> **Exercise**:
Starting at the line with "PALMERAL MUG - WHITE" and stopping at the final line, retype the data below exactly; do not carry over any pictures.

=== The data ===

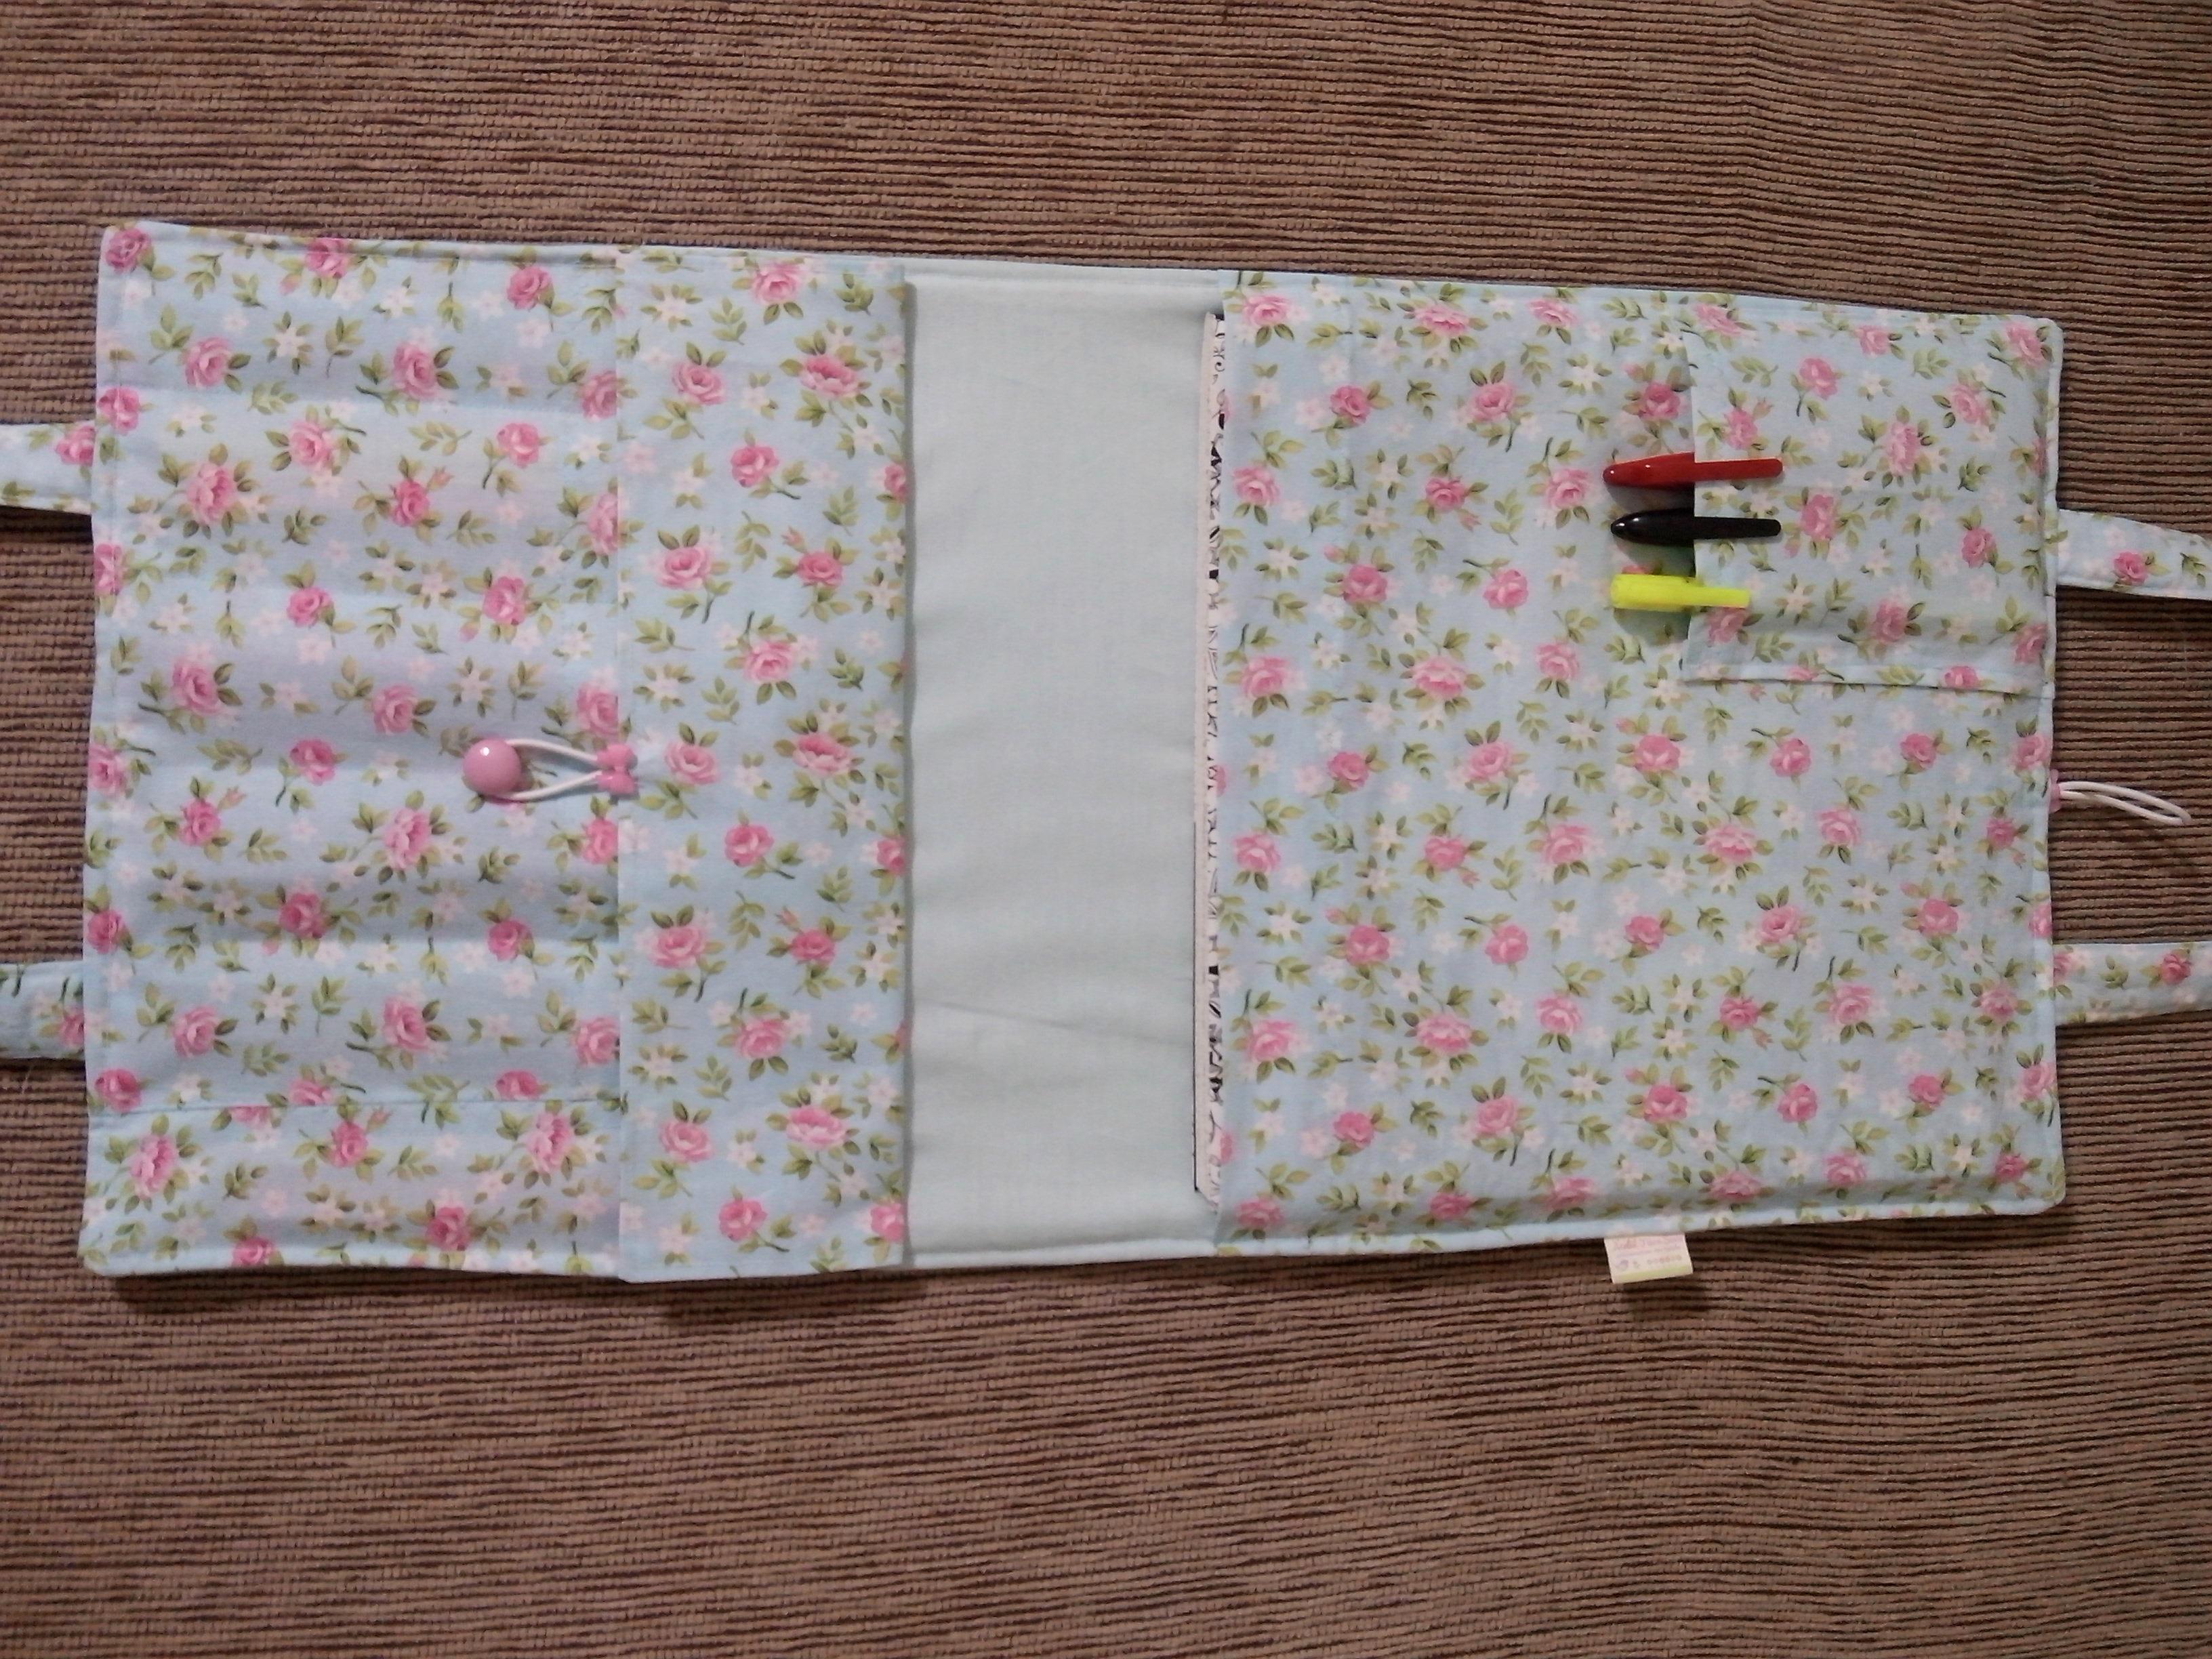 flores jardim secreto:porta livro jardim secreto porta livro jardim secreto e lapis de cor
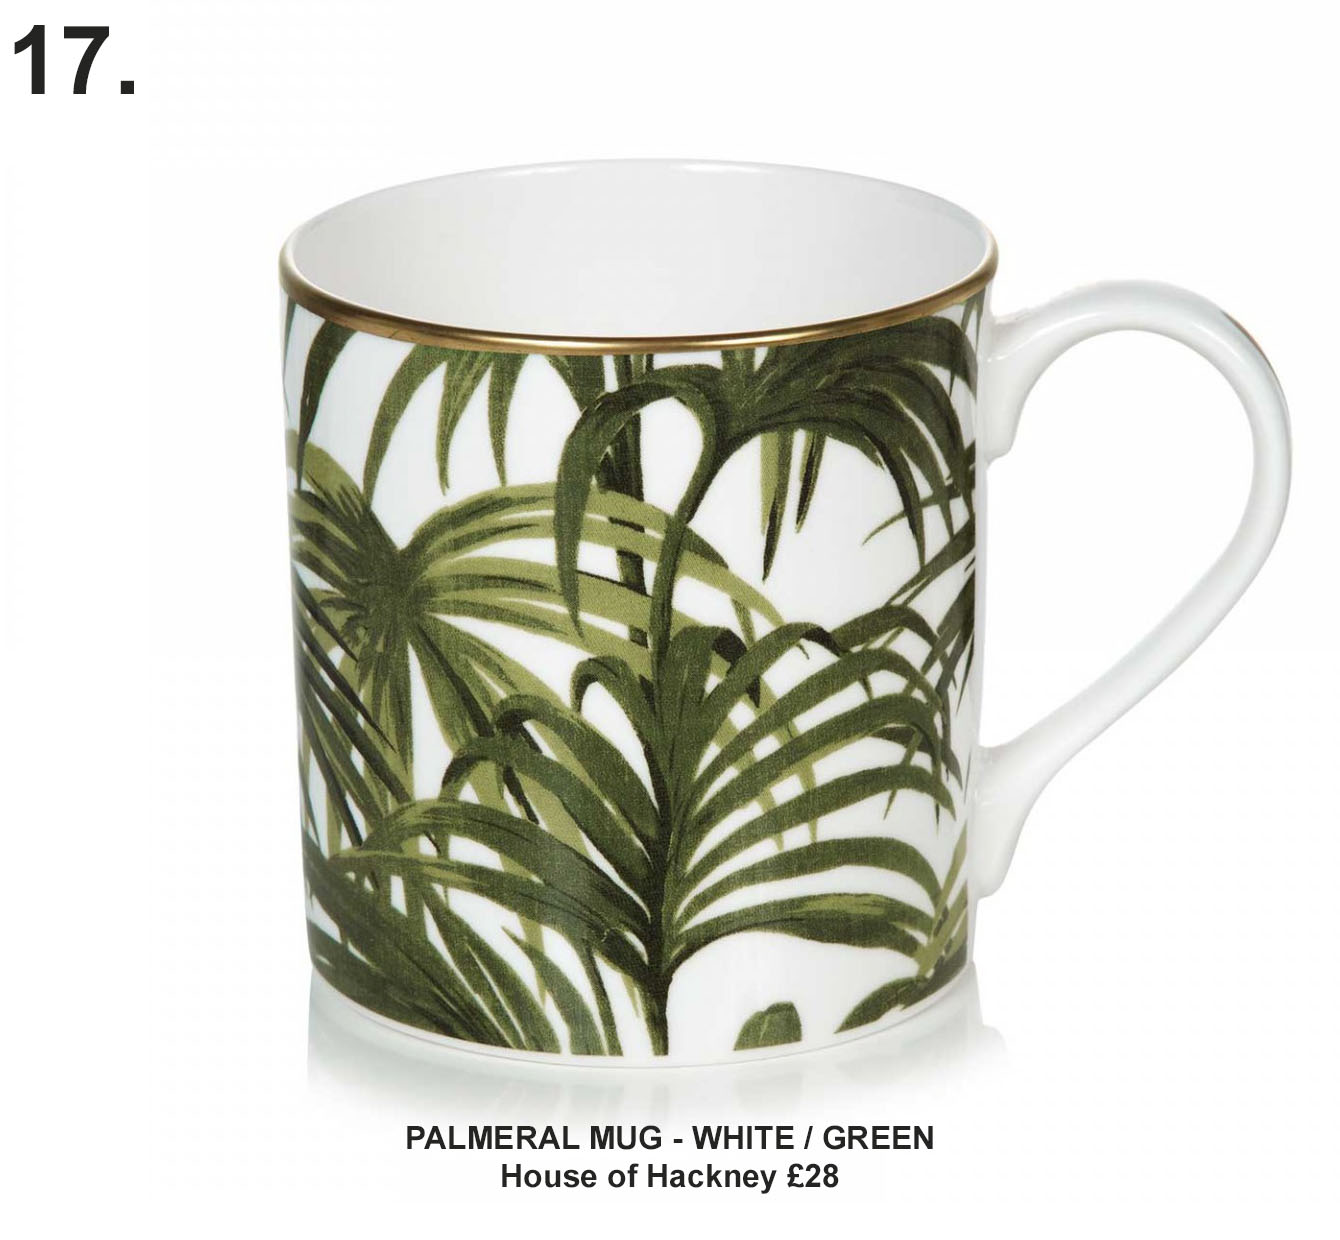 PALMERAL MUG - WHITE / GREEN, house of hackney £28
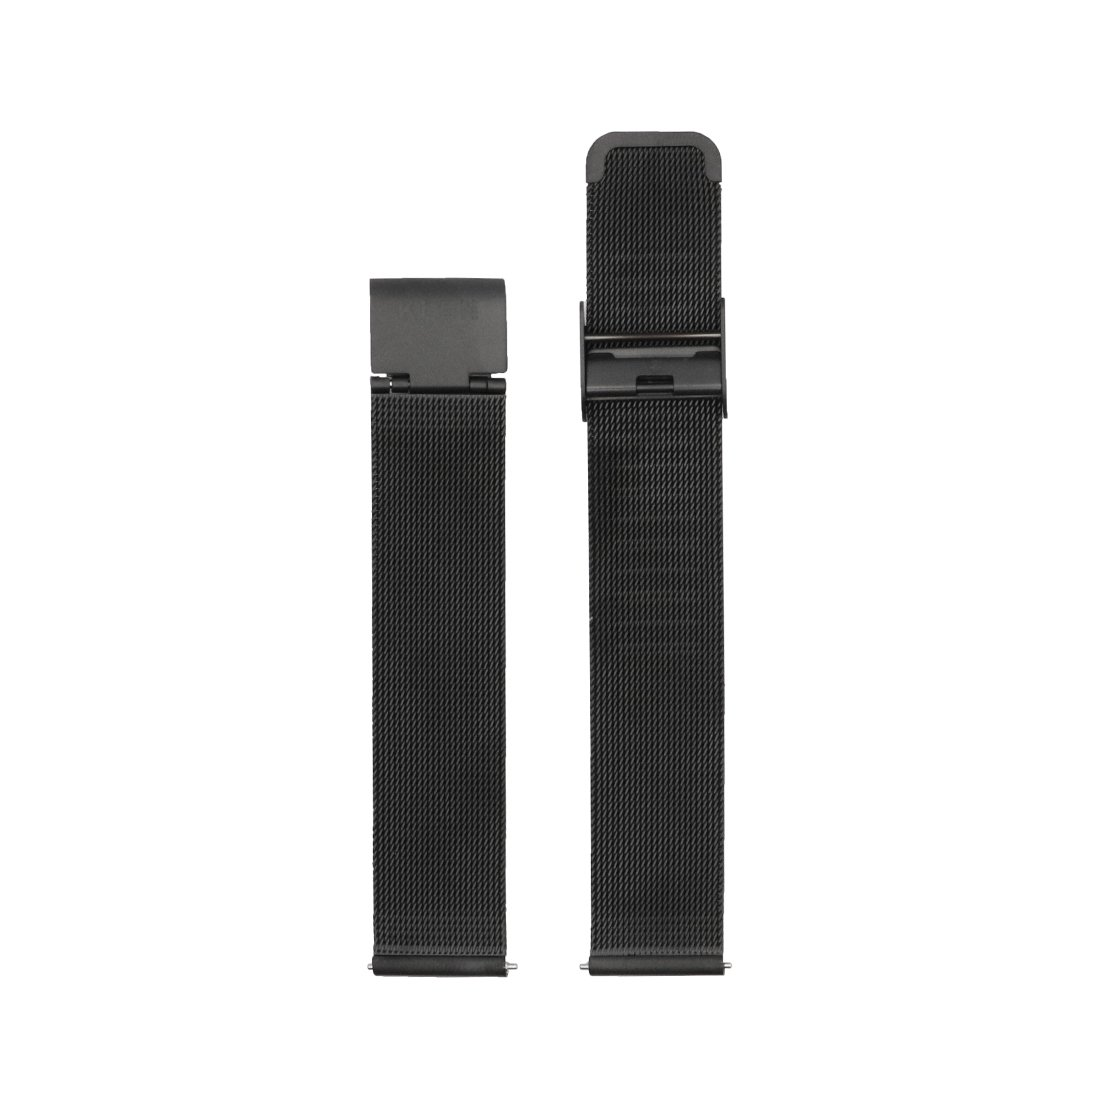 KLON WATCH REPLACEMENT STRAP -BLACK MESH- 18mm
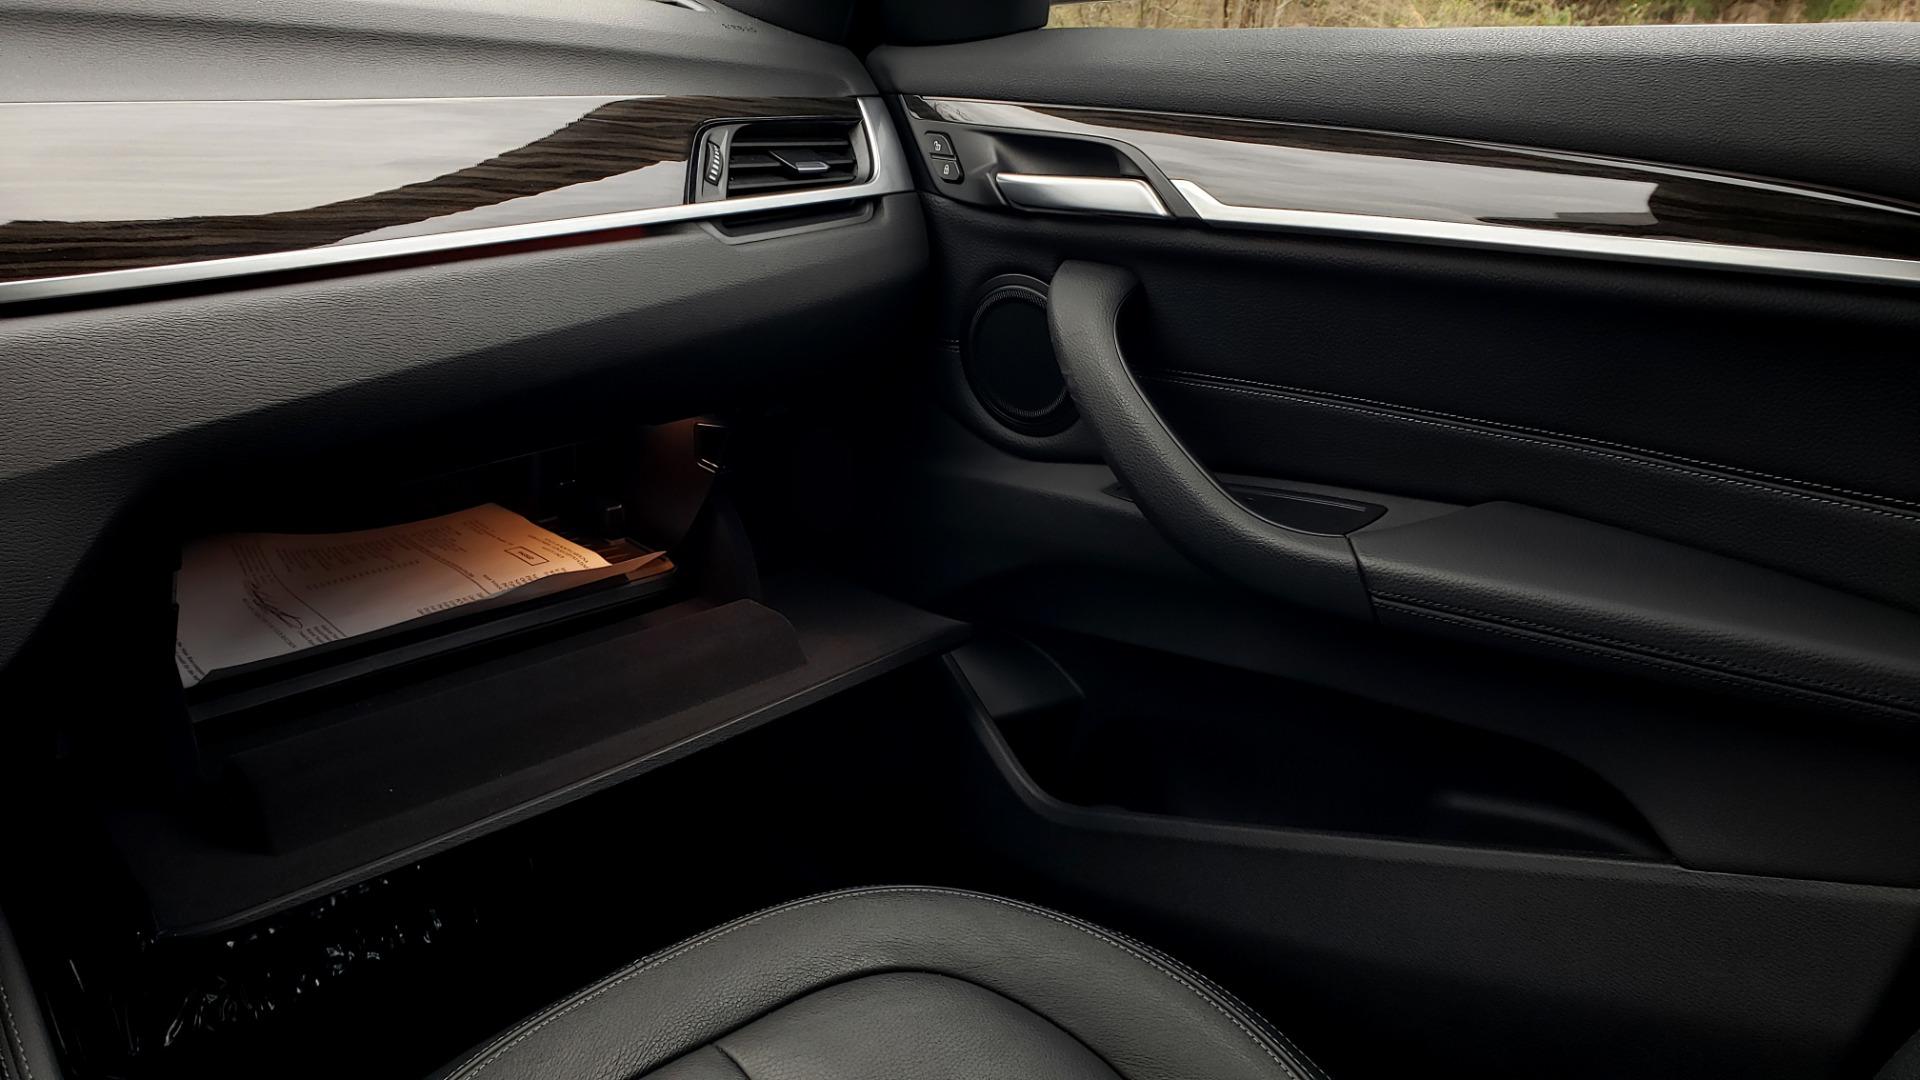 Used 2017 BMW X1 XDRIVE28I / PREM PKG / DRIVER ASST / NAV / CLD WTHR for sale Sold at Formula Imports in Charlotte NC 28227 54

===

> **Answer box**:
 PALMERAL MUG - WHITE / GREEN, house of hackney £28
 KLON WATCH REPLACEMENT STRAP -BLACK MESH- 18mm
 Used 2017 BMW X1 XDRIVE28I / PREM PKG / DRIVER ASST / NAV / CLD WTHR for sale Sold at Formula Imports in Charlotte NC 28227 54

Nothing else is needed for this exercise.